How would I find the acceleration of the above spindles (both left and right instances)? The spindles are composed of two disks with a cylindrical solid axle. The left spindle is unwinding the string as it rolls and the right spindle is winding the string as it rolls. Static friction is present and the spindle rolls without slipping. Any help would be greatly appreciated.

I know that the applied force P minus the force of friction equals the mass times acceleration.
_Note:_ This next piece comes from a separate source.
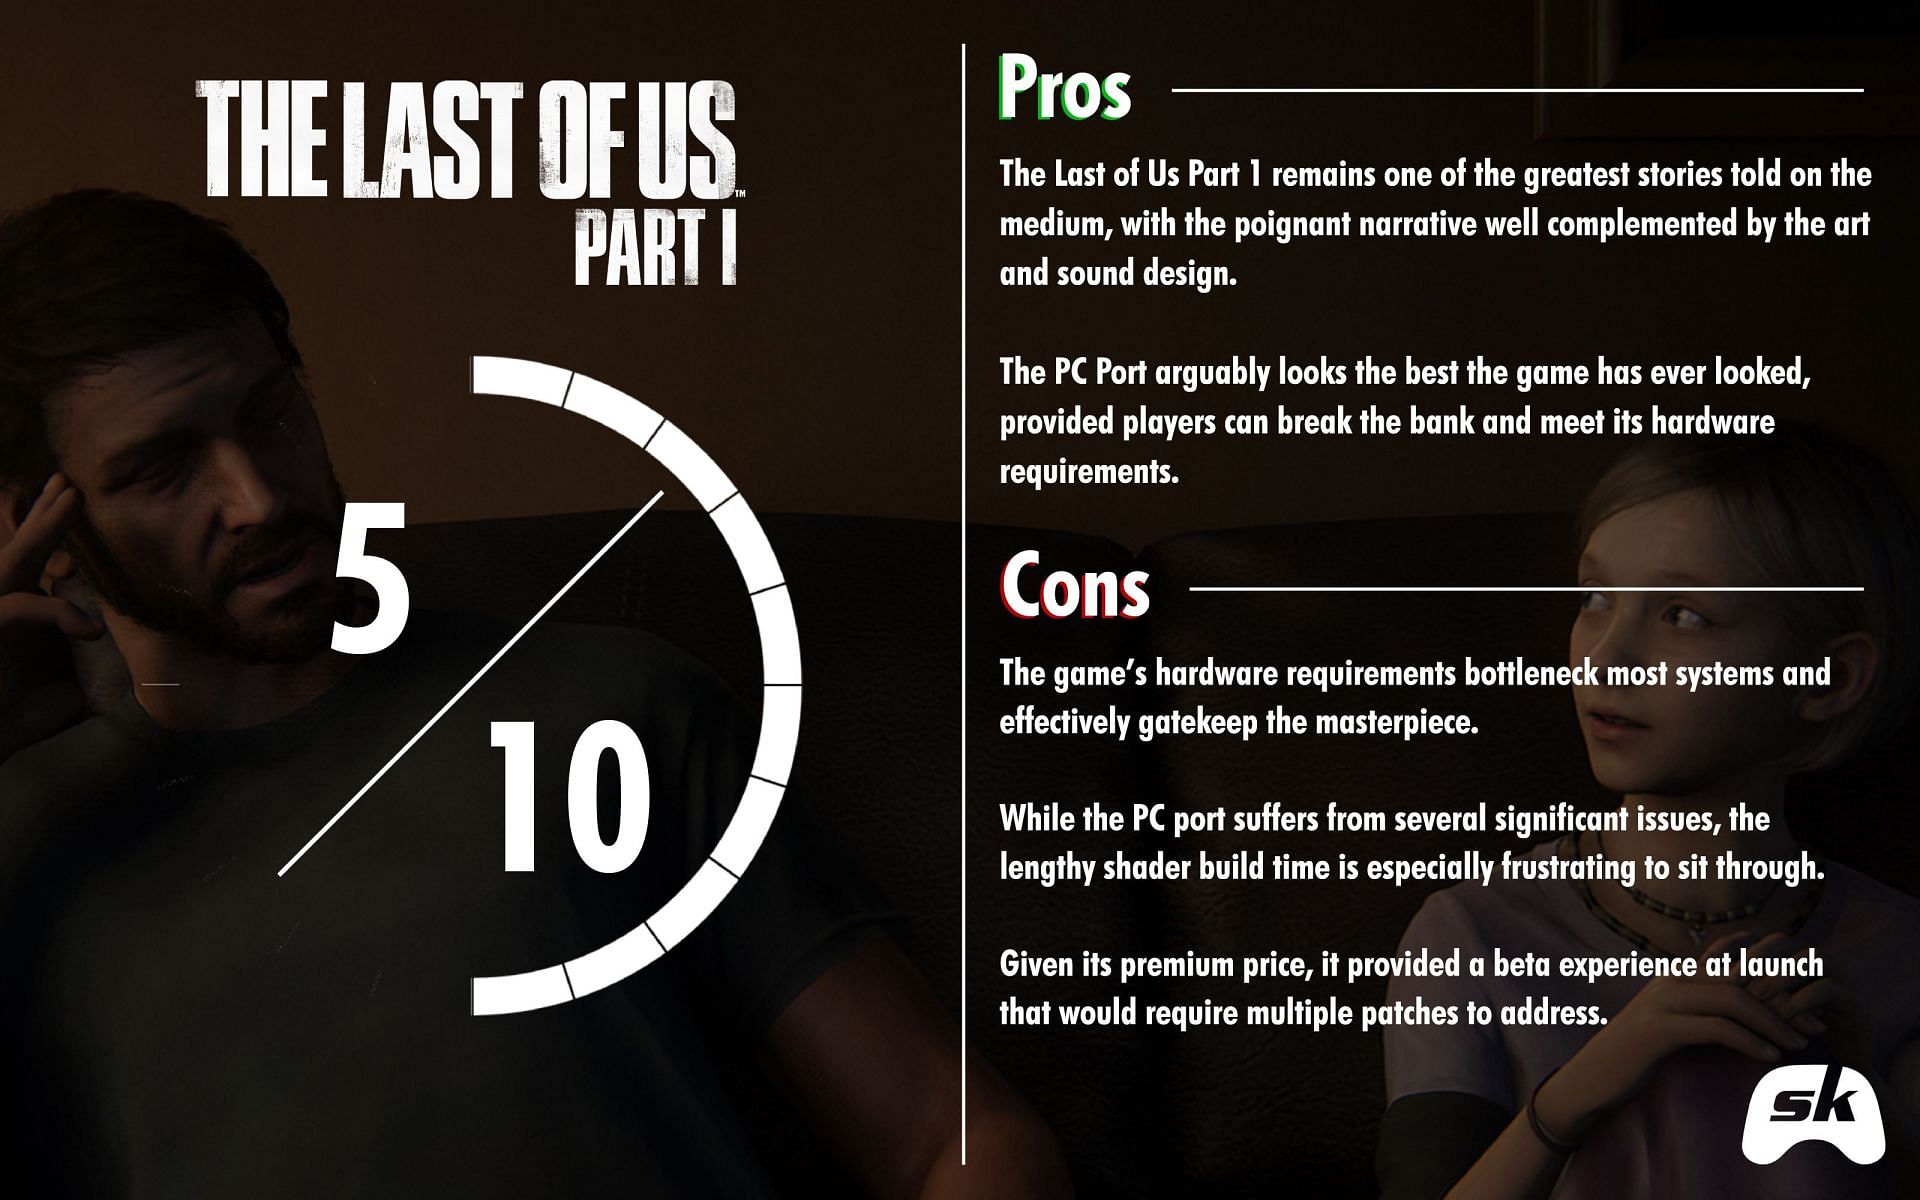 The Last of Us Part 1: What are the PC requirements?

I can't seem to figure out how to find the force of friction, with which it would be relatively easy to solve the problem.

2. Mar 24, 2004

### Staff: Mentor

Two equivalent ways to go:

(1) Consider all the forces on the spindles and apply Newton's 2nd law both for translation (of center of mass) and rotation (about center of mass).
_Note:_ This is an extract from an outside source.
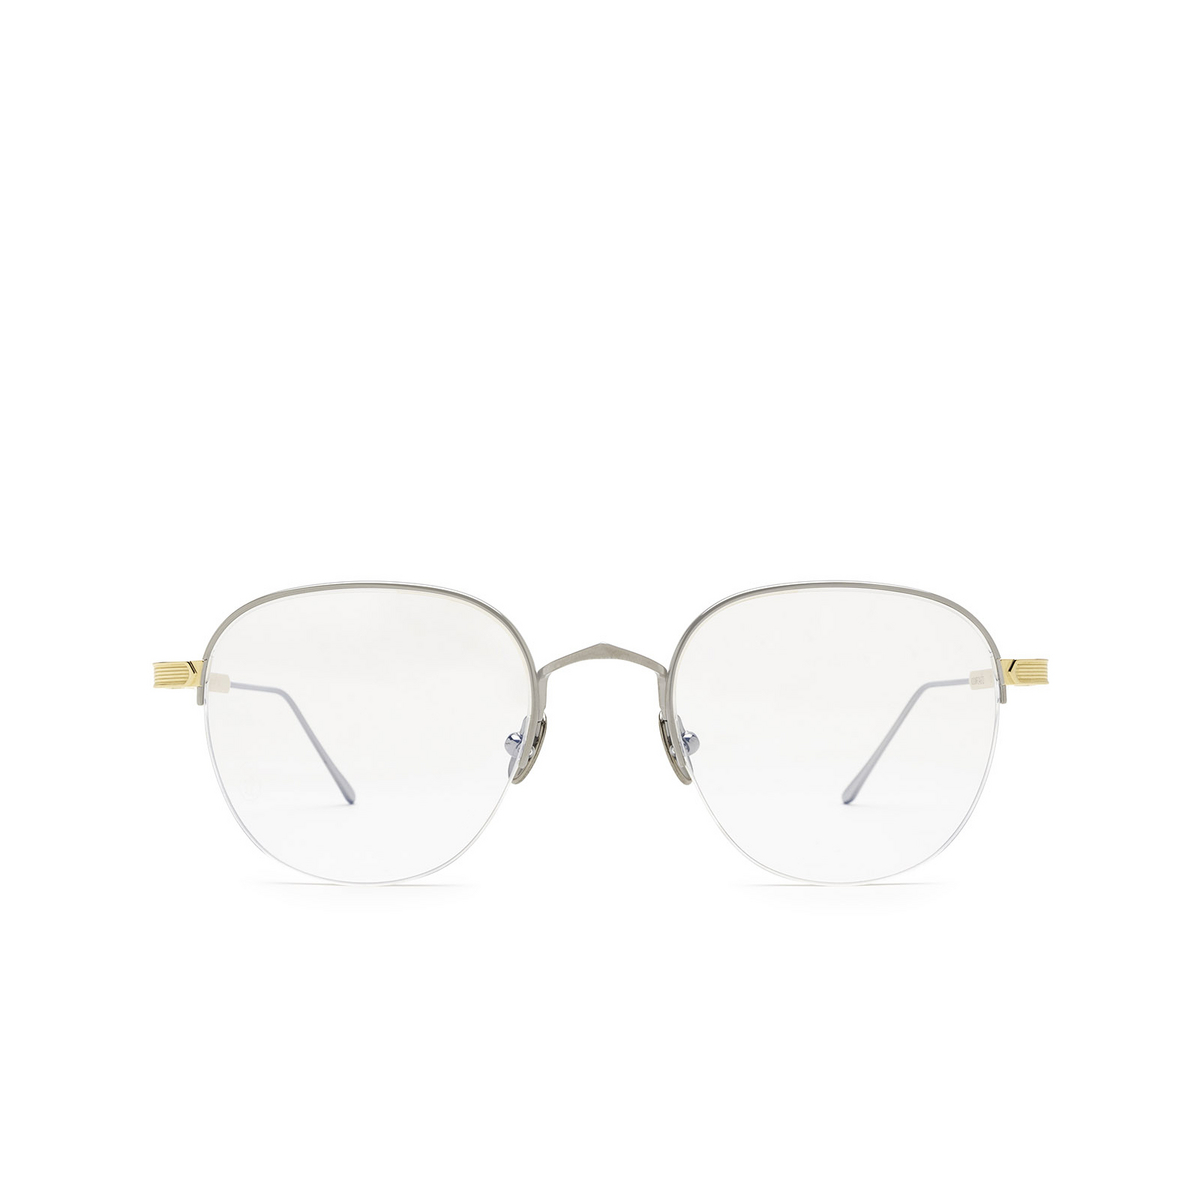 Cartier® Round Eyeglasses: CT0164O color Ruthenium & Gold 003 - front view.

(2) Treat the spindle as instantaneously in pure rotation about the point of contact with the surface, taking torques about that point.

3. Mar 24, 2004

### cpuwildman

I tried the torque method and summed all of the torques and came up with the force of friction for the left spindle as (MRa + 1/2mba) where M is the mass of the large disc, m is the mass of the axle, R is the radius of the large discs, b is the radius of the axle, and a is the acceleration. For some reason I still don't seem to get the correct answer. After getting the above result, I subtracted that from the applied force which equals the total mass times acceleration. I solved for the acceleration and got a wrong answer. I can't submit my homework any more, but I would still like to figure out how to do this as I have a test coming up next week. I really appreciate your help.

4. Mar 24, 2004

### ShawnD

For the picture on the left, the sum of the moments looks like this, not following sign convention (just let everything be positive here).

$$\sum M = (P)(R + b)$$

The picture on the right is like this

$$\sum M = (P)(R - b)$$

The moment and angular acceleration formula is like this

$$\sum M = I \alpha$$

$$\alpha = \frac{\sum M}{I}$$

If you want real acceleration, just multiply by the radius of the wheel (just R)
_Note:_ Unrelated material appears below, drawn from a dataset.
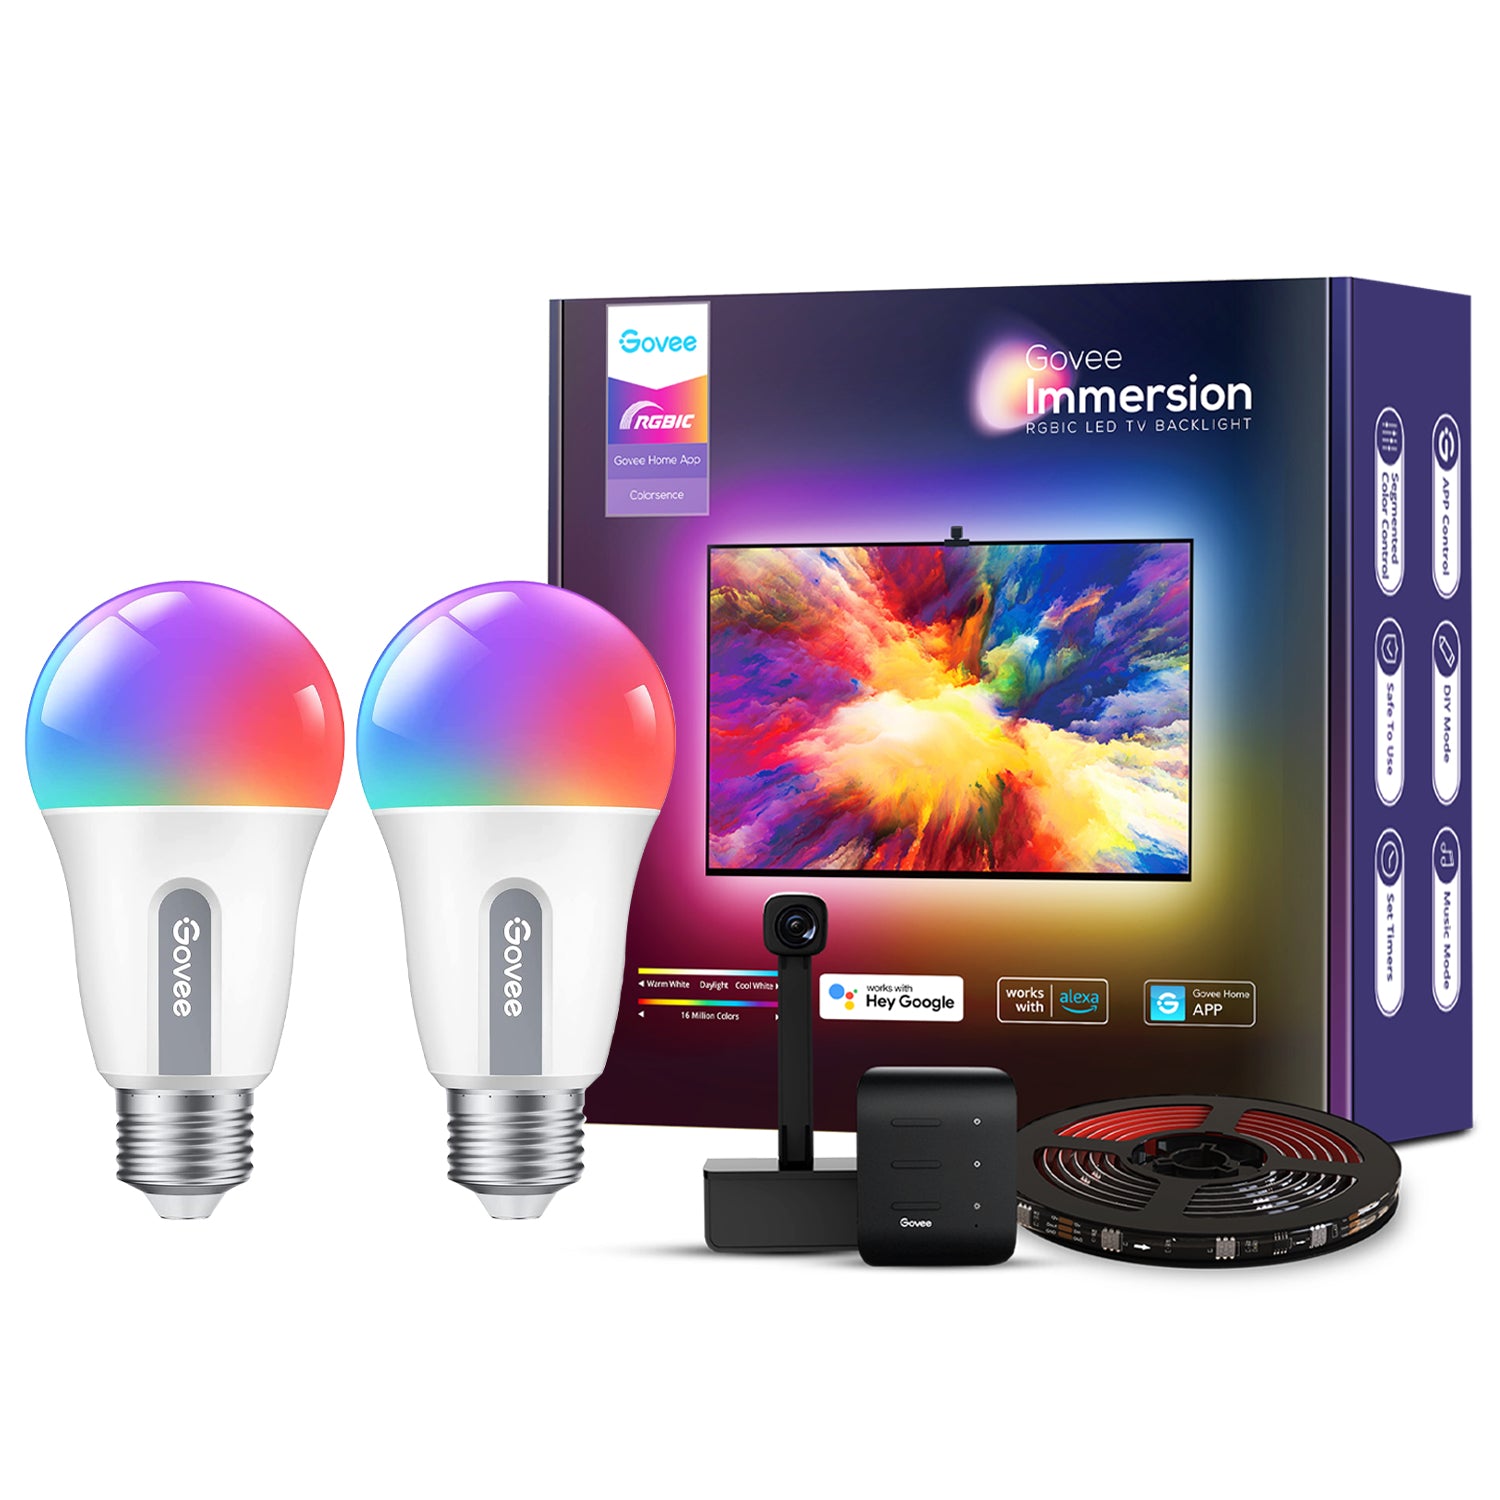 

Buy Immersion TV Backlights Get Free 2x LED Bulbs

$$a = \frac{r \sum M}{I}$$

I too have a test on this stuff. It's on friday

Last edited: Mar 24, 2004
5. Mar 24, 2004

### Staff: Mentor

I have no idea how you arrived at that answer. You need to apply Newton's 2nd Law for (1) translation and (2) rotation. Here's what I get for the diagram on the left.

(1) $$P - F = Ma$$

(2) $$Pb + FR = I \alpha$$

Where F is the friction force; M is the total mass; I is the rotational inertia about the axle; a is acceleration; &alpha; is angular acceleration. Solve these two equations together and you'll get your answer. (Also realize that a = &alpha;R.)

You have to model the spindle in order to calculate the rotational inertia. You didn't give any information, so I don't know what you can assume. (For example, can you ignore the axle and treat the spindle as two cylinders? I would.)

Give it another shot.

If you wanted to use the other method that I spoke of--where you treat the spindle as in pure rotation--it would look like this: (This is what ShawnD was doing.)

$$P(R + b) = (I + MR^2) \alpha$$

Note that since you are taking torques about the contact point, you need the rotational inertia about that point; for that I used the parallel axis theorem.

Edit: added note on second method.

Last edited: Mar 24, 2004